EXHIBIT 5.1
August 13, 2009
Range Resources Corporation
100 Throckmorton Street, Suite 1200
Fort Worth, Texas 76102
RE: Registration Statement on Form S-3
Ladies and Gentlemen:
We have acted as counsel for Range Resources Corporation, a Delaware corporation (the “Company”), in connection with the preparation of a Registration Statement on Form S-3 (the “Registration Statement”) filed by the Company with the Securities and Exchange Commission (the “Commission”) under the Securities Act of 1933, as amended (the “Securities Act”), relating to the resale by certain stockholders of the Company from time to time, pursuant to Rule 415 under the Securities Act of up to 100,949 shares of common stock, par value $0.01 per share, of the Company (the “Common Shares”).

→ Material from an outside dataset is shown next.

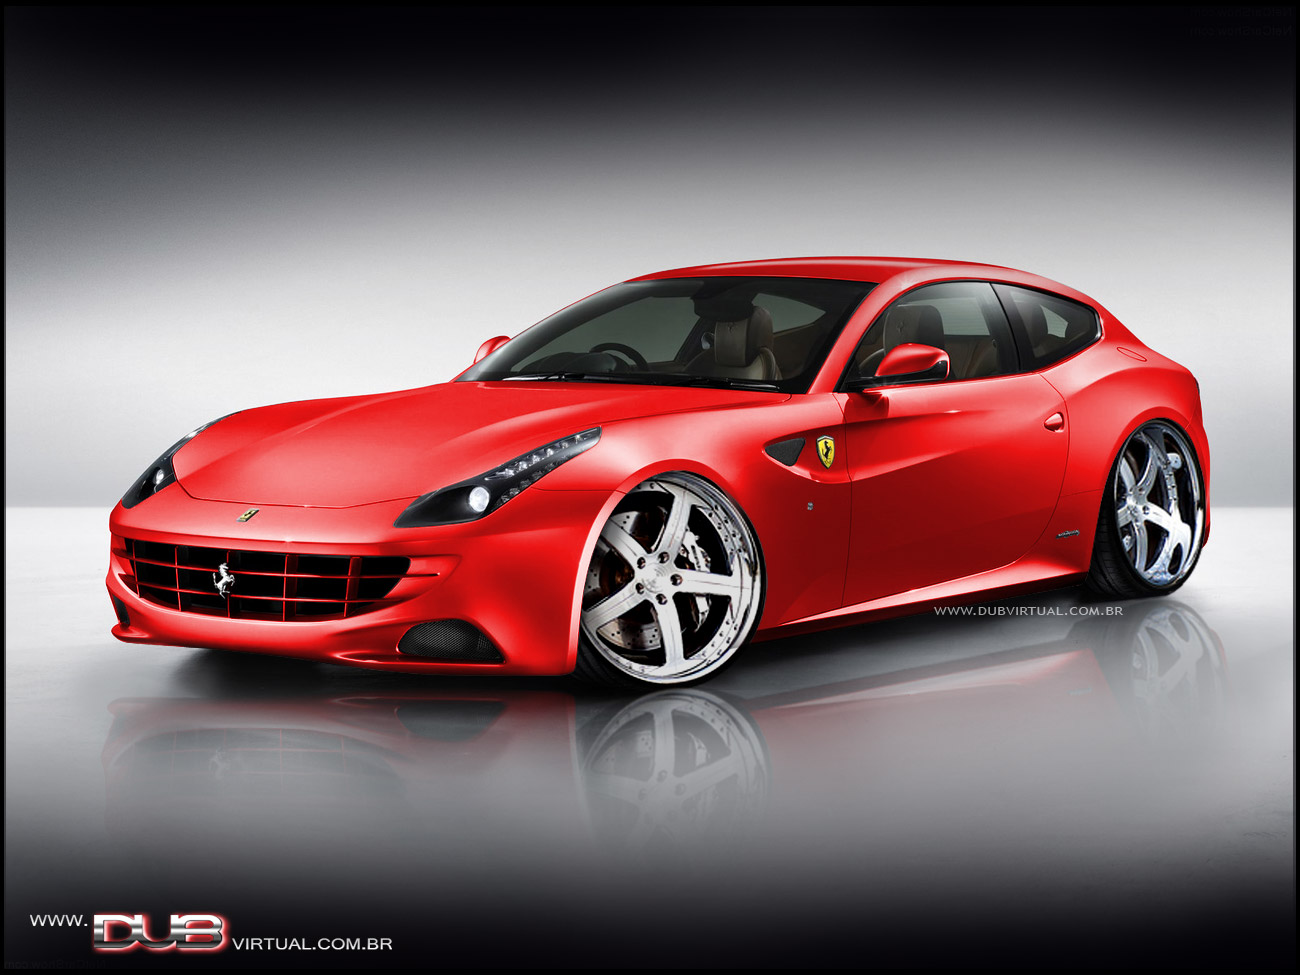 http://2.bp.blogspot.com/-2GKZ7shAQ4M/TbXpYxn2VlI/AAAAAAAAEyY/jfQMES6YaAo/s1600/Nova-Ferrari-FF-2012-rebaixada-roda-22.jpg

In connection with the opinion expressed herein, we have examined, among other things, (i) the Restated Certificate of Incorporation, the Certificate of First Amendment to the Restated Certificate of Incorporation and the Amended and Restated By-laws of the Company, each as amended and in effect as of the date hereof (ii) the Registration Statement, (iii) the prospectus contained in the Registration Statement (the “Prospectus”) and (iv) the records of corporate proceedings that have occurred prior to the date hereof with respect to the issuance of the Common Shares and the Registration Statement and (v) such other certificates, instruments and documents as we considered appropriate for purposes of the opinion expressed herein. We have also reviewed such questions of law as we have deemed necessary or appropriate.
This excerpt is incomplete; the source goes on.